Полная версия
Железная дорога, или Жди меня, Женька
Олег Борисенко
Железная дорога, или Жди меня, Женька
Моим друзьям по военному
училищу имени Кирова С.М.
От автора
«Железная дорога» название строевой песни выпускного курса Орджоникидзевского военного училища им. С.М. Кирова. Это гимн «КИРОВЦЕВ» всех поколений.
Повесть о пути лейтенанта и его однокашников, про заоблачную любовь, локальные конфликты и не паркетную службу.
Это юмор, плавно переходящий в жизненную трагедию нашего поколения.
Данное повествование не является автобиографией. Все совпадения случайны.
ПАМЯТЬ
Глава первая.
«Как хорошо, что продали Аляску!»
1985 год. Северная Осетия. Летний лагерь. Комгарон.
По асфальтированной аллее, усаженной вдоль тополями, в застиранной форме ХБ, в пилотках и яловых сапогах, проходит строй курсантов третьего курса.
Рота выдвигается строем с достоинством старшекурсников, чуть замедляя походный шаг. Звучит строевая песня, запевалы звонко и красиво вытягивают:
Голоса от команд огрубели,
Ветер выточил строгие лица.
Мы давно уже носим шинели,
Тёмно-красного цвета петлицы.
Припев подхватывают всей ротой:
Дни пройдут и, пьянея от счастья,
Лейтенант молодой улыбнется.
И горячими будут объятья,
Когда к дому родному вернётся.
И вновь запевалы продолжают…
За спиной бесконечность дороги
На губах как заклятие «нужно».
Холода и ночные тревоги
Закалили как сталь нашу дружбу.
Припев тянет сотня голосов…
Дни пройдут, нам расстаться придётся.
На прощанье друзей обнимая,
Лейтенант молодой улыбнется,
Незаметно слезу утирая.
Запевалы поют последний куплет:
Мы жалеть о прошедшем не будем.
Впереди у нас трудная служба.
Не вздыхайте сочувственно, люди —
Не вздыхать, нам завидовать нужно.
И рота припевает:
Дни пройдут, эМПээСа вагоны
Развезут молодых лейтенантов.
Приглядись, несмотря на погоны.
В них увидишь вчерашних курсантов.
Это песня одной из рот третьего курса. Младшие курсы не имеют права её петь.
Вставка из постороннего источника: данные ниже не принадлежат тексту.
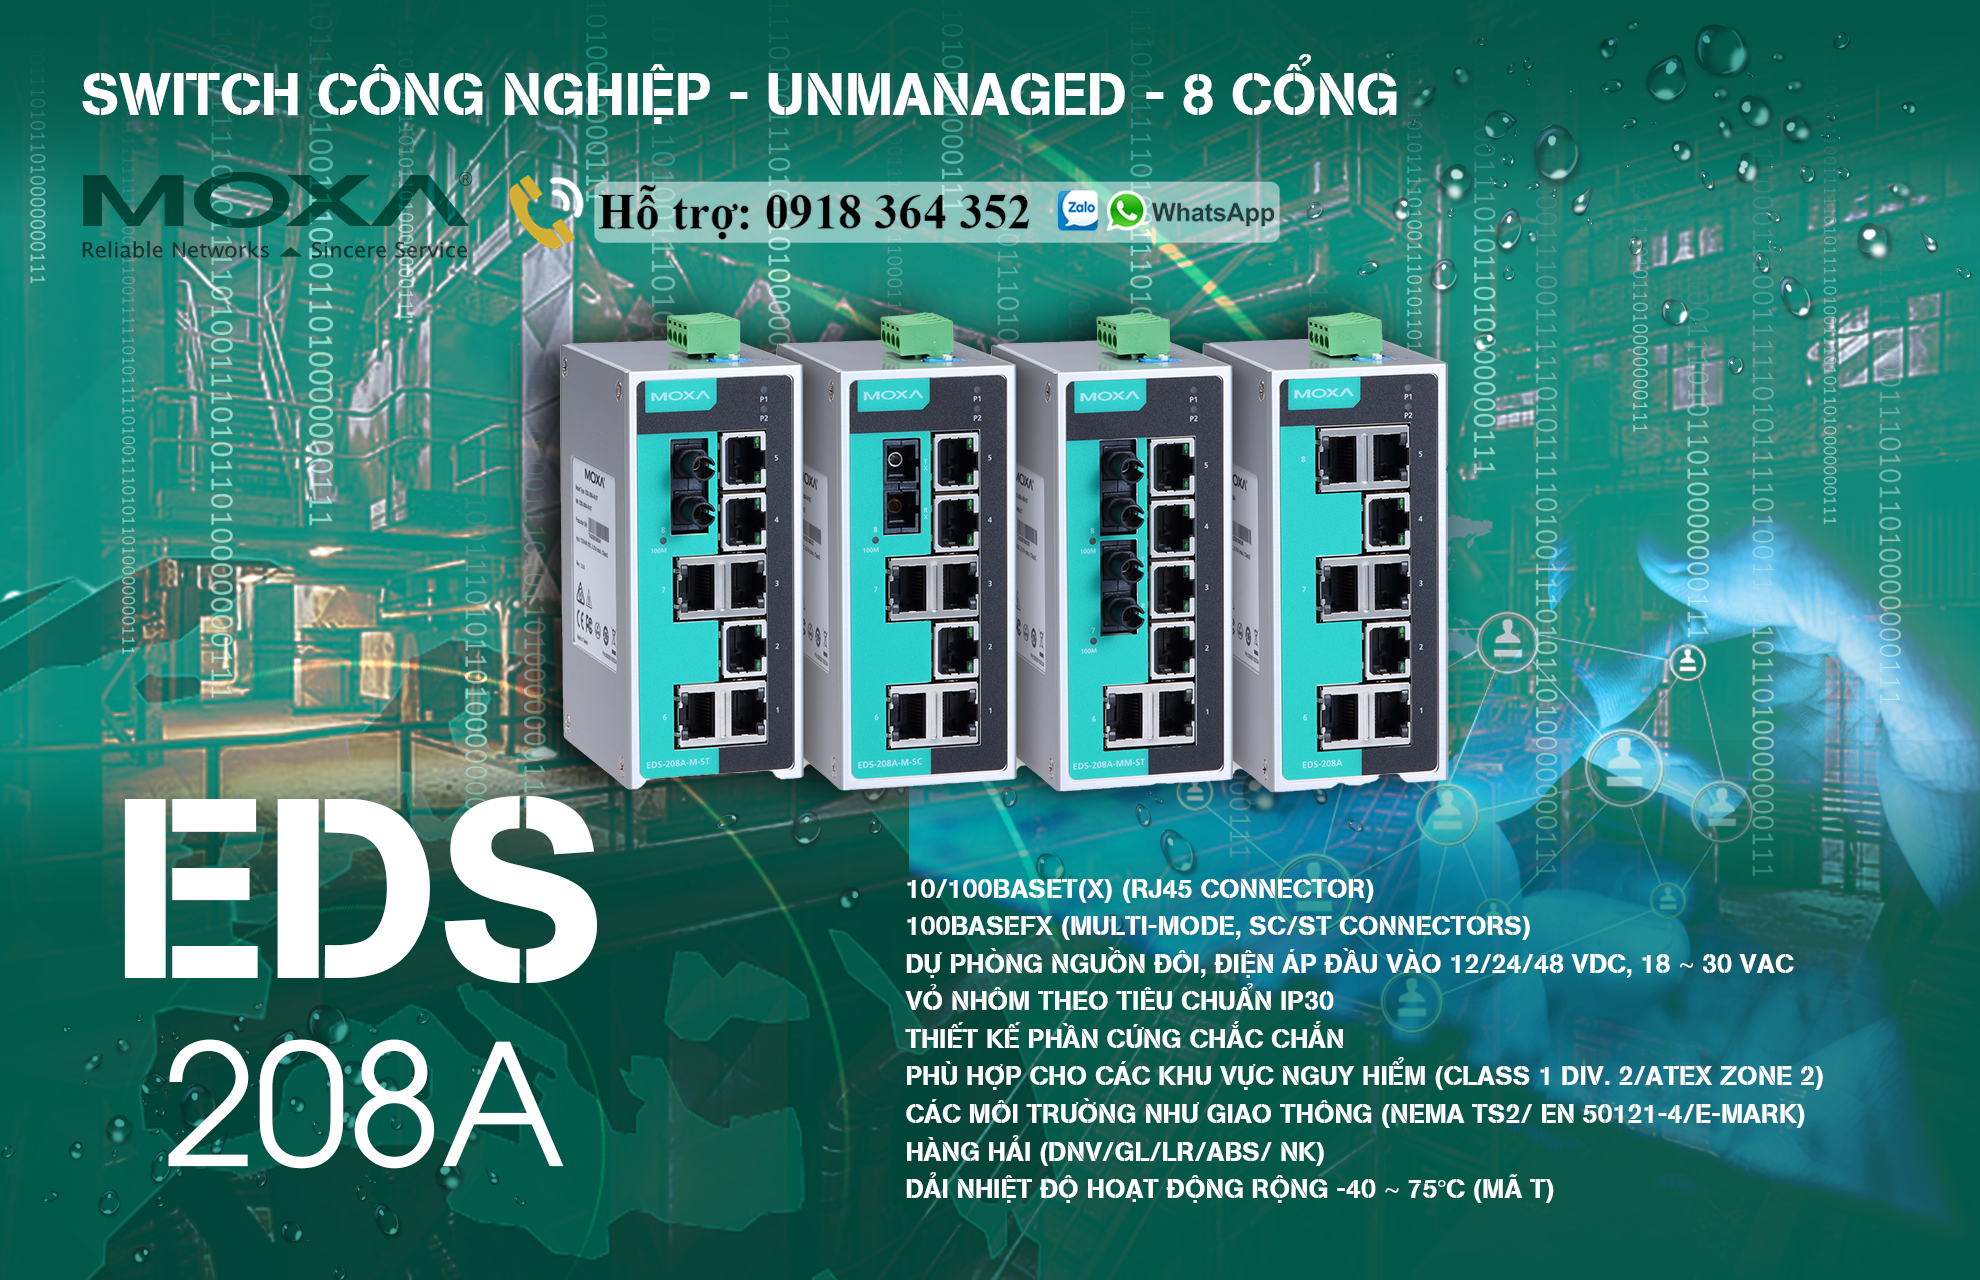 eds-208a-s-sc-t-switch-cong-nghiep-8-cong-toc-do-10-100m-dai-ly-switch-mang-cong-nghiep-moxa-viet-nam.png

В нашем училище существуют неписаные традиции, которые свято соблюдаются. И эта песня частичка этих традиций.
Вечереет.
Здесь, в предгорье, сумерки приходят рано, и небо покрывает ковёр из миллионов звезд.
Стоя в строю на вечерних проверках, мы с моим закадычным другом Колькой уже четыре долгих года всматриваемся в небо Кавказа, разгадывая и пытаясь угадать, какая из этих звёздочек упадет нам на погоны.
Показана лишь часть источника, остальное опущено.